**Collected material:**
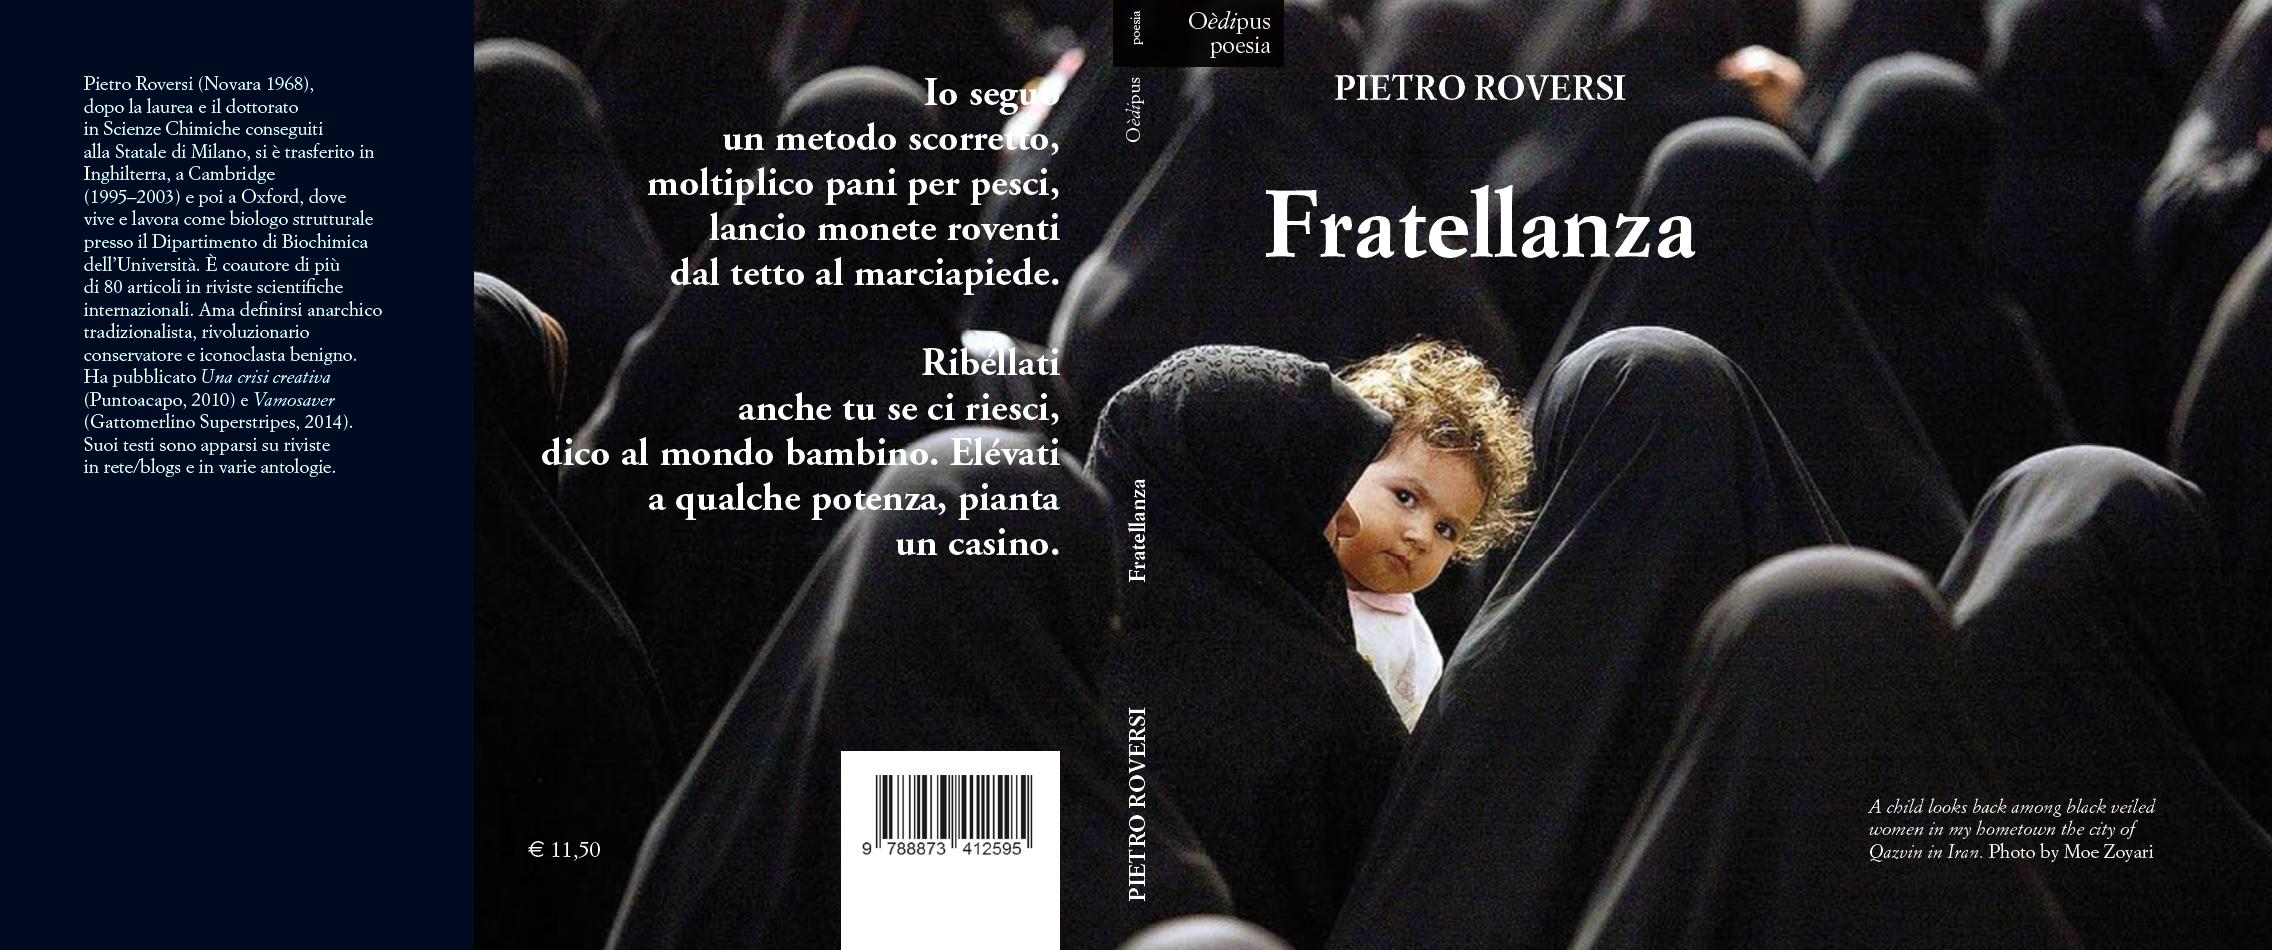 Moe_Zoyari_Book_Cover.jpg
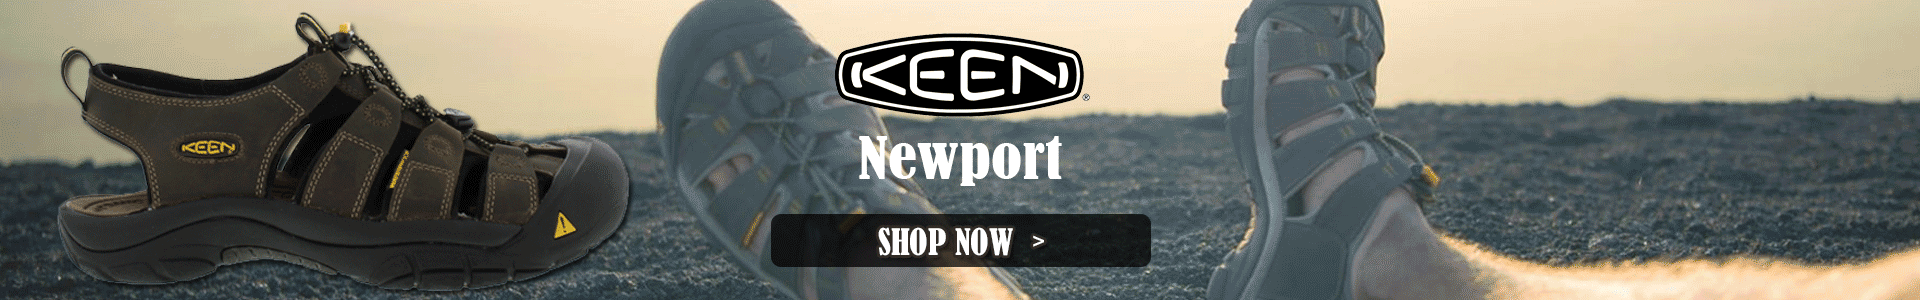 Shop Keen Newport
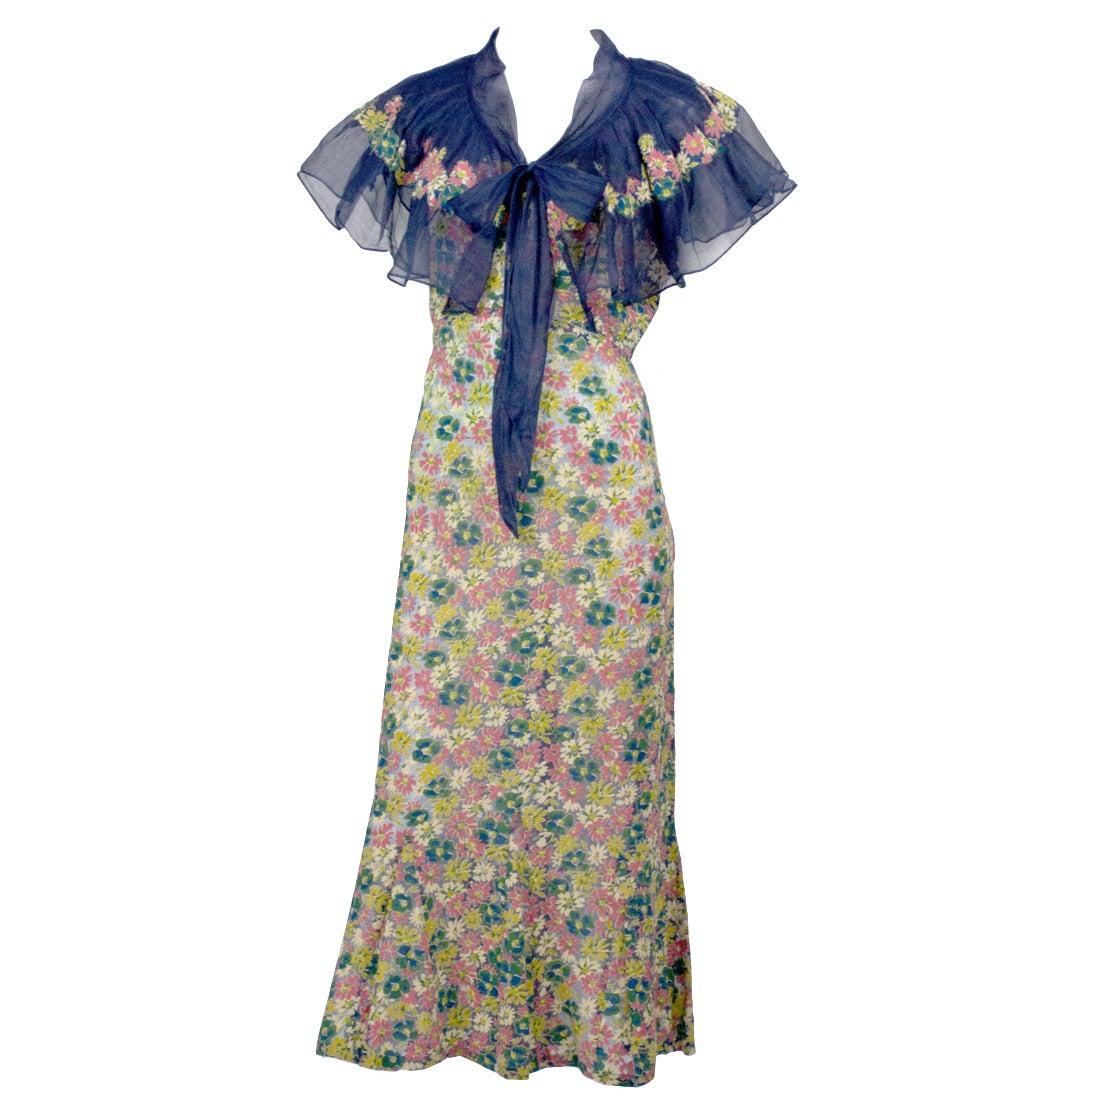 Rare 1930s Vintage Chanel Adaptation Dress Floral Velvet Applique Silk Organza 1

**Exercise description:**
Restate the material above word for word, omitting the pictures.

**Completed task:**
 Moe_Zoyari_Book_Cover.jpg
 Shop Keen Newport
 Rare 1930s Vintage Chanel Adaptation Dress Floral Velvet Applique Silk Organza 1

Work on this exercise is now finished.